"Do you want to see niggers in the state capital with their feet on the desk?"
"This newspaper believes in white supremacy, and it believes that the poll tax is one of the essentials for the preservation of white supremacy." From
"Suffrage in the South" Part I, published January 1st, 1940.
"TAKE THE NEGRO OUT OF POLITICS, WAS THE FIRST NECESSITY, the southern Democrats agreed.... AMONG THE SUFFRAGE RESTRICTIONS PUT FORWARD AT THIS time was the requirement of poll tax payment as a prerequisite for voting." From "Suffrage in the South" Part II.
Georgia's former poll tax was called "the most effective bar to Negro suffrage ever devised." The International Encyclopedia of Elections, Congressional Quarterly, Inc., 1999.
"Between 1896 and 1903 every southern state possessing a substantial Negro population amended their constitutions to permit official white primaries and to prohibit--by ingenious laws--both Negroes and uncooperative poor whites from voting.... by 1900 the Negro could no longer count on the Federal government to assist him in overcoming his hopelessly unequal political position." -- from
"The Development of Negro Power in American Politics since 1900", originally written for the Hattiesburg Freedom School by
SNCC/
COFO volunteers.
"[P]ass the word around that Mister Nigger is not wanted at the polls." -- gubernatorial candidate Eugene Talmadge, in 1947, quoted in the free online edition of the book JIM CROW GUIDE : The way it was, 1990.
So how far have we come in the in 65 years since "Suffrage in the South" was written?
A team of Justice Department lawyers and analysts who reviewed a Georgia voter-identification law recommended rejecting it because it was likely to discriminate against black voters, but they were overruled the next day by higher-ranking officials at Justice, according to department documents.
published today in the
The Washington Post.
(Reminiscent of how scientists and doctors at the FDA were overruled by political appointees on the morning-after pill?)
Georgia's new law will require those without a driver's license to pay for a special voter ID card -- and that card will be available in only 59 of Georgia's 159 counties.
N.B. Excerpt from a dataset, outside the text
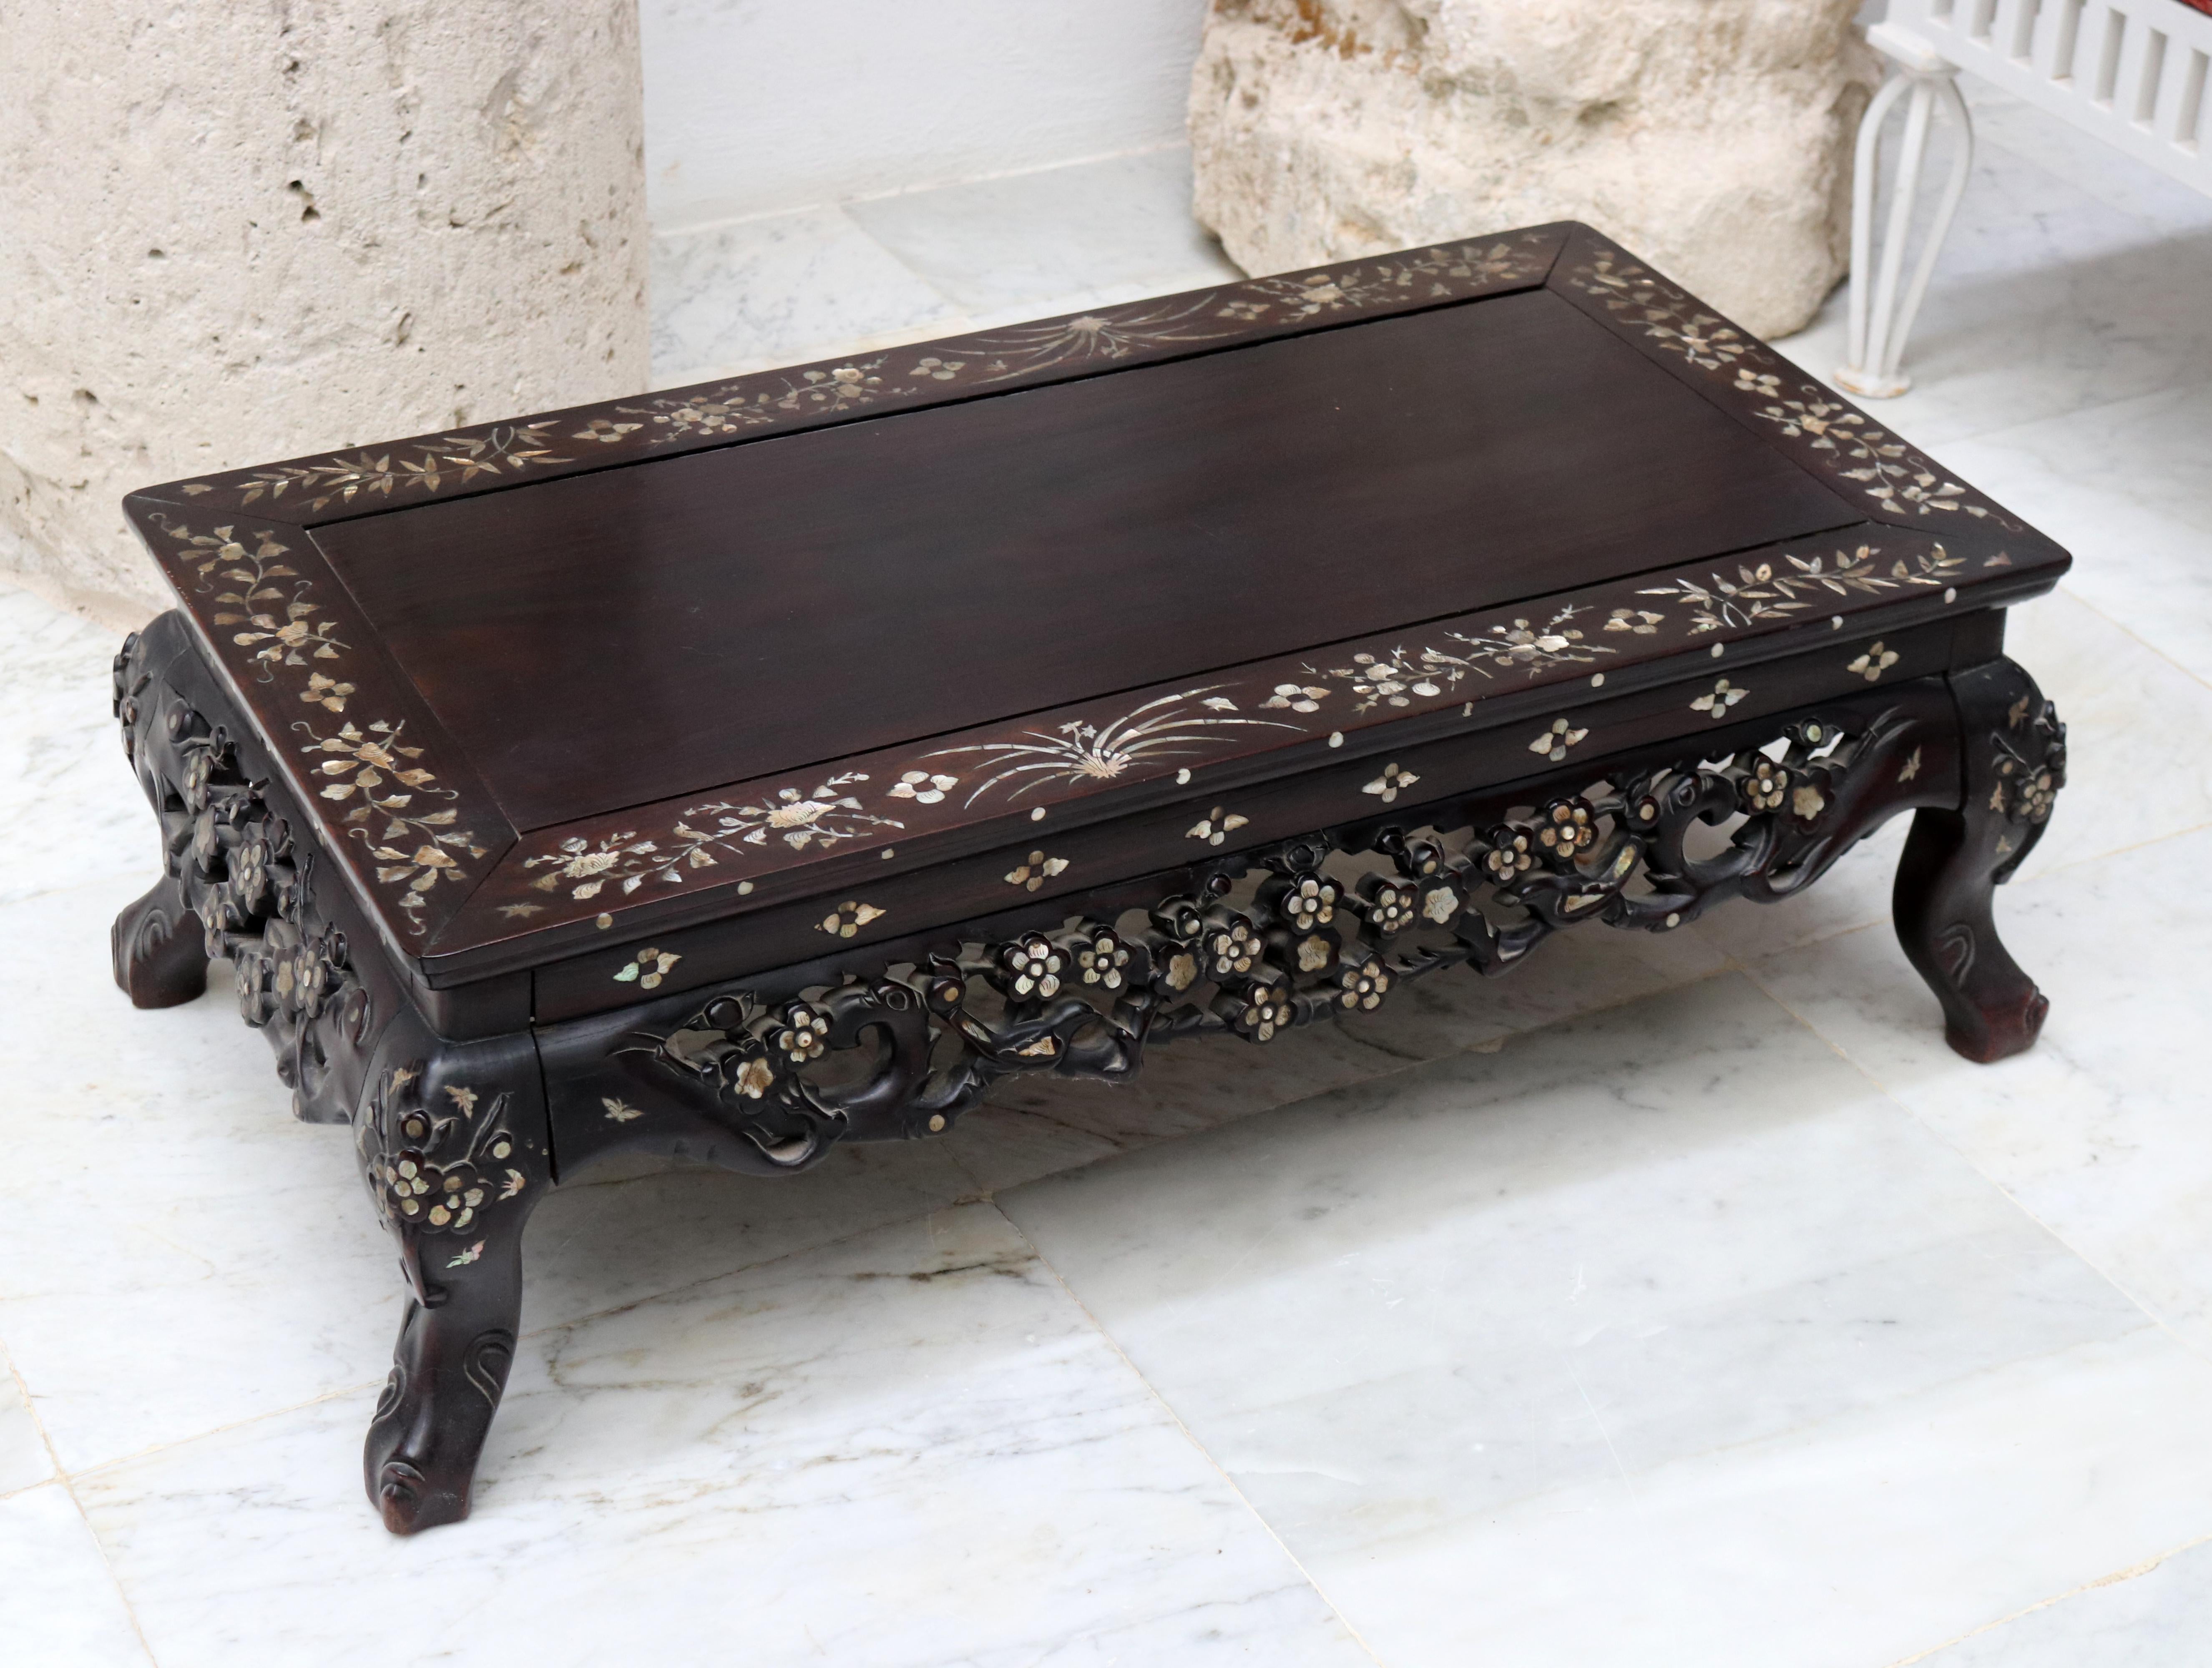 19th century hand carved Chinese rosewood table with mother of pearl inlay.

None of the cards will be sold in Georgia's most populous city, Atlanta.
Where does this come from? More than one hundred years ago, Frederick Douglass proposed an explanation: "It comes from those who would smooth the way for the Negro's disfranchisement in clear defiance of the constitution they have sworn to support -- men who are perjured before God and man." From The Reason Why The Colored American is not in the World's Columbian Exposition, 1893.